Boxes and arrows are just code in a costume
Here’s something that took me too long to realize about visual AI workflow builders. Strip away the drag-and-drop interface and what’s underneath is a control flow graph. Boxes are functions. Arrows are return values. Conditionals are if-statements. Retry loops are while-loops.
It’s procedural programming. The same paradigm as Python or TypeScript, just rendered as a diagram instead of text.
This matters because the visual layer doesn’t change the paradigm. It changes the representation. And the new representation is worse in almost every way that matters for production systems: harder to version control, harder to diff, harder to review, harder to refactor, harder to compose.
Over 25 years ago, L. Peter Deutsch watched a talk on visual programming and made an observation that became known as the Deutsch Limit: “The problem with visual programming is that you can’t have more than 50 visual primitives on the screen at the same time. How are you going to write an operating system?”
He was talking about general-purpose software. AI workflows hit that limit much faster. A moderately complex agent with tool calls, branching logic, evaluation steps, retry loops, and error handling blows past 50 nodes before you’ve handled the happy path. The visual representation that was supposed to make the system legible makes it less legible. The diagram becomes the thing you need a diagram to explain.
The shift nobody is talking about
The software industry has been through this exact transition before. More than once.
When you write SELECT * FROM orders WHERE total > 100, you don’t specify which index to use. You don’t tell the database whether to do a sequential scan or a hash join. You don’t manage memory allocation or disk I/O. You describe the result you want, and the query optimizer — decades of engineering condensed into a planner — figures out the execution path. This is what makes SQL so durable. The same query runs on SQLite and on a distributed Snowflake cluster. The what stays the same. The how adapts to the context.
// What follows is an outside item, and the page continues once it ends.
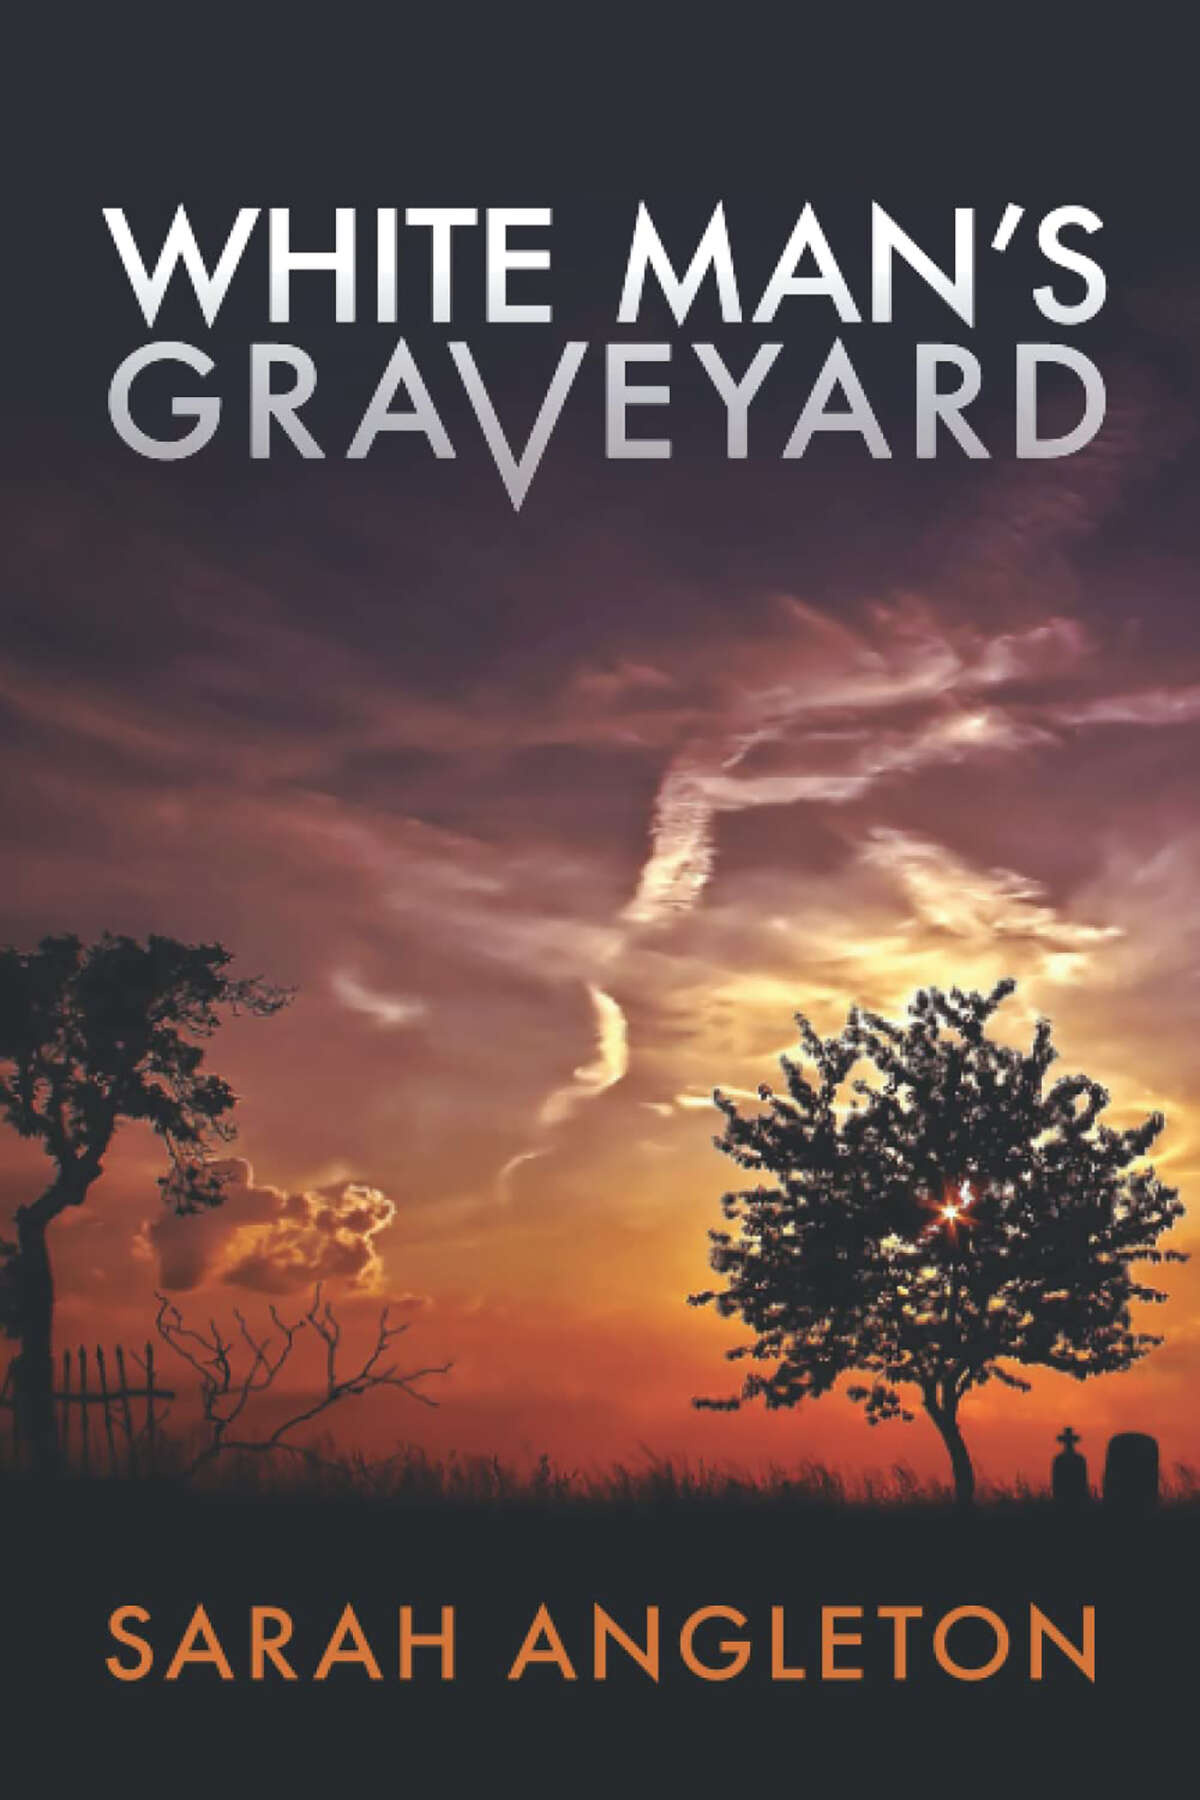 "White Man's Graveyard" is the third historical fiction novel from Jacksonville native Sarah McClintock Angleton.

Terraform did the same thing for infrastructure. Before Terraform, deploying infrastructure meant writing imperative scripts: create this server, configure this load balancer, attach this security group, in this order, and hope nothing fails halfway through. Terraform replaced all of that with a declaration: “I want 5 instances behind a load balancer in us-east-1.” The system reads your desired state, compares it to reality, and converges.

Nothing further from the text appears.